Investigasi pengaruh potensial interaksi badan banyak terhadap jarak ion dengan ligan air dan amoniak, sifat rigiditas struktur solvasi ion Zr4+ dan Hf4+ dalam air dan amoniak cair dan solvasi preferensial Zr4+ dan Hf4+ dalam larutan amoniak 18,6 % telah dilakukan melalui simulasi Dinamika Molekul Klasik dan Mekanika Kuantum/Mekanika Molekul (MK/MM). Daerah yang penting, kulit solvasi pertama diperlakukan melalui mekanika kuantum pada tingkat Hartree-Fock (HF) menggunakan himpunan basis LANL2DZ ECP yang dimodifikasi untuk Zr4+ dan Hf4+ dan DZP untuk air dan amoniak. Untuk daerah sistem sisanya telah digunakan fungsi potensial 2-badan baru yang terkoreksi 3-badan. Simulasi dinamika molekul dilakukan dengan memperhitungkan pengaruh dua badan (MM 2-badan), tiga badan (MM 2-badan + 3-badan) dan banyak badan (MK/MM). Tiga Sistem simulasi terdiri dari sebuah ion Zr4+ atau Hf4+, dengan 499 molekul air, 215 molekul amoniak dan larutan amoniak 18,6% (persen berat). Sifat-sifat struktur dibahas melalui parameter fungsi distribusi radial, distribusi bilangan koordinasi, fungsi distribusi sudut dan alur jarak ion-ligan dengan waktu simulasi. Jarak ion-ligan air dan ion-ligan amoniak telah diperoleh melalui simulasi DM yang memperhitungkan pengaruh badan banyak (MK/MM). Jarak ion Zr4+-ligan air dan Hf4+-ligan air masing-masing adalah 2,34 angstrom dan 2,33 angstrom yang sesuai dengan hasil eksperimen (2,2 angstrom lebih kurang 0,02 angstrom) sedangkan jarak ion Zr4+-ligan amoniak dan Hf4+-ligan amoniak masing-masing adalah 2,395 angstrom dan 2,381 angstrom yang sesuai dengan data difraksi sinar-X (Zr4+-N = 2,39 angstrom; Hf4+-N =2,38 angstrom). Struktur solvasi ion Zr4+ dan Hf4+ dalam amoniak cair lebih kaku daripada struktur solvasi dalam air. Ligan amoniak lebih mudah terkoordinasi oleh ion Zr4+ maupun Hf4+ dalam larutan amoniak 18,6% (persen berat) daripada ligan air dalam kulit solvasi pertama. Struktur solvasi ion Zr4+ dan Hf4+ dalam larutan tersebut dalam kulit pertama dikarakterisasi sebagai [Zr(NH3)3(H2O)5]4+ dan [Hf(NH3)3(H2O)5]4+.

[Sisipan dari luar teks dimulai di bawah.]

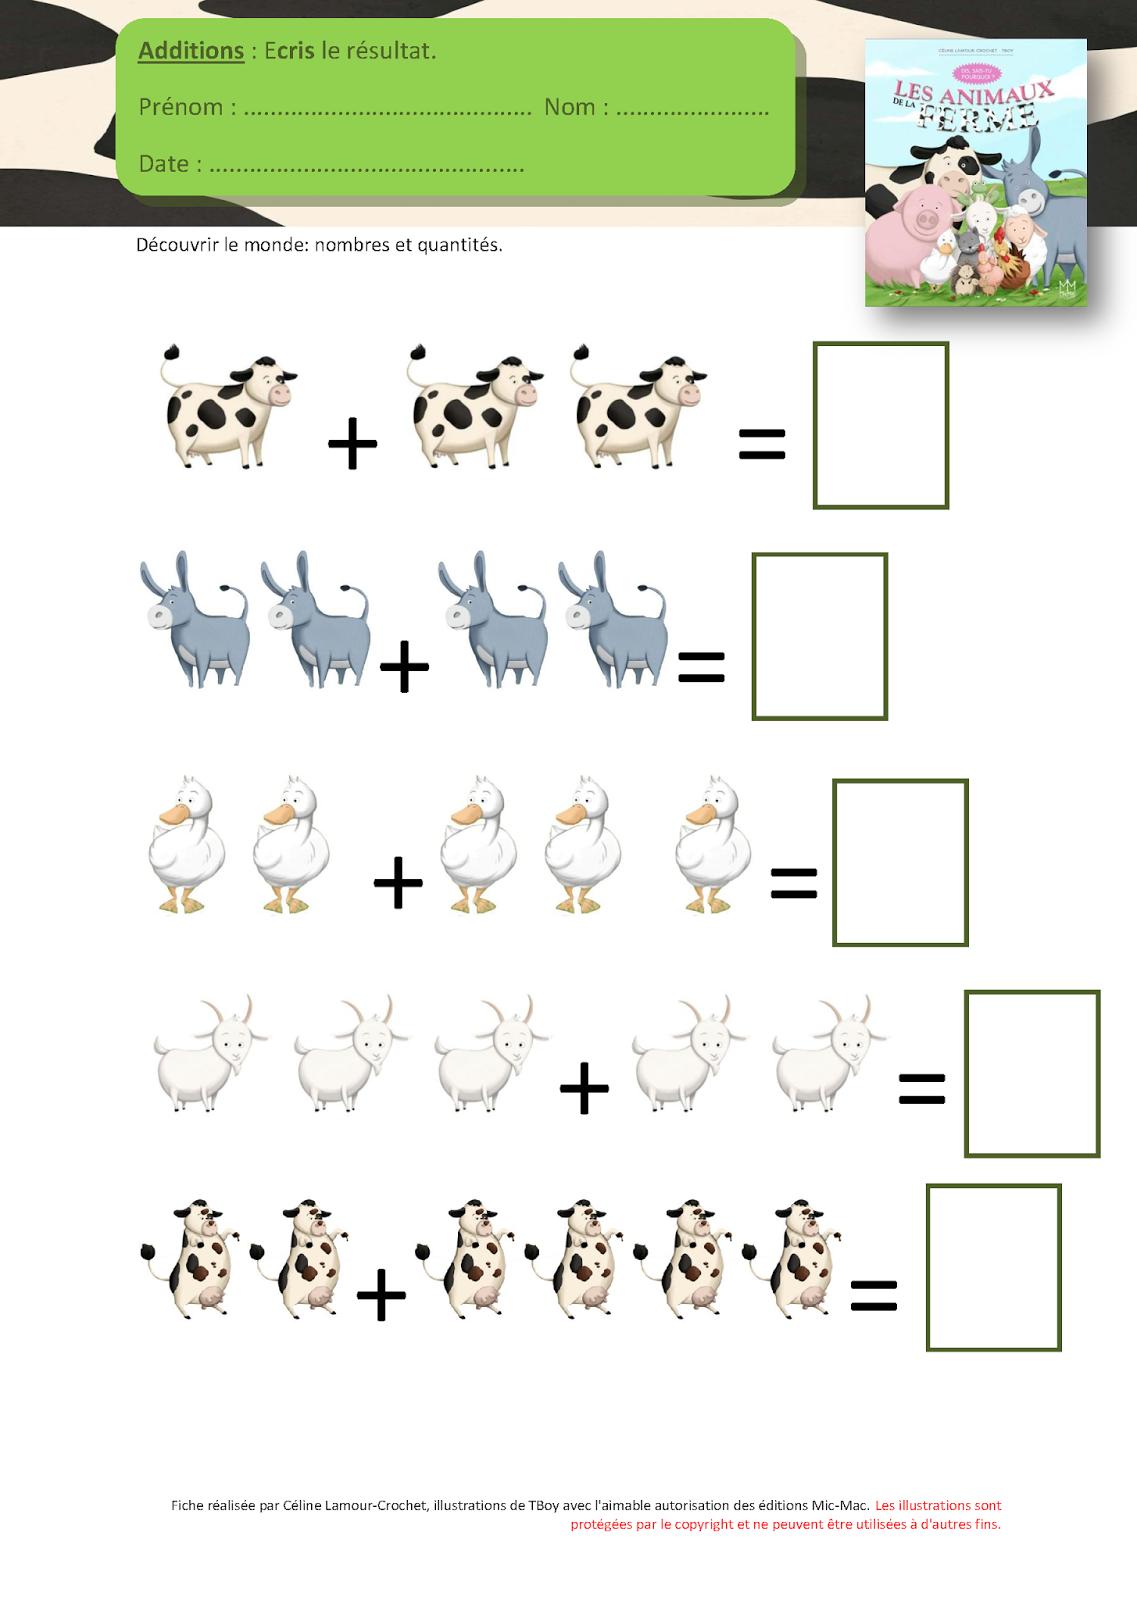 Pin von Diana O. auf Guias | Pinterest | Vorschule und Mathe

Investigation of effects of many-body interactions potential on the distance of ion water and ion ammonia ligands, the rigidity of the solvation shell of Zr4+ and Hf4+ in water and liquid ammonia and the preferential solvation of Zr4+ and Hf4+ in 18.6 % (weight percent) aqueous ammonia solution have been done through the Classical and Quantum Mechanics /Molecular Mechanics (QM/MM) Molecular Dynamics simulation. The most important region, the first solvation shell, was treated by ab initio quantum mechanics at Hartree Fock (HF) level using the modified LANL2DZ ECP basis set for Zr4+ or Hf4+ and the DZP basis set for water or ammonia. For the rest of the system newly constructed three-body corrected potential functions were used. Molecular dynamics simulations take into account the effect of the two-body (MM 2-body), three-body (MM 2-body + 3-body) and N-body (QM/MM). The three simulation system consists of one Zr4+ or Hf4+ ion with 499 water molecules, 215 ammonia molecules and 18.6% (weight percent) aqueous ammonia solution. The properties of the structure are discussed through the parameters of the radial distribution function, coordination number distribution, angular distribution function and varying the ion-ligands with simulation time. The ion-water and ion-ammonia ligand distance has been obtained by the Molecular Dynamics simulation successfully that takes into account the influence of N-body (QM/MM). The distance of Zr4+-water and Hf4+-water ligand are 2.34 angstrom and 2.33 angstrom, respectively corresponding to the experimental results (2.2 angstrom plus minus 0.02 angstrom) while the distance of Zr4+-ammonia and Hf4+- ammonia ligand are 2.395 angstrom and 2.381 angstrom, respectively corresponding to the X-ray diffraction data (Zr4+-N = 2.39 angstrom; Hf4+-N = 2.38 angstrom). The solvation structure of Zr4+ and Hf4+ in liquid ammonia are more rigid than in the water. Ammonia ligands are preferentially coordinated to ion Zr4+ and Hf4+ in 18.6% (weight percent) aqueous ammonia solution than water ligands in its first solvation shell. The solvation structure of Zr4+ and Hf4+ ions in 18.6% (weight percent) aqueous ammonia solution in the first shell have been characterised as [Zr(NH3)3(H2O)5]4+ and [Hf(NH3)3(H2O)5]4+.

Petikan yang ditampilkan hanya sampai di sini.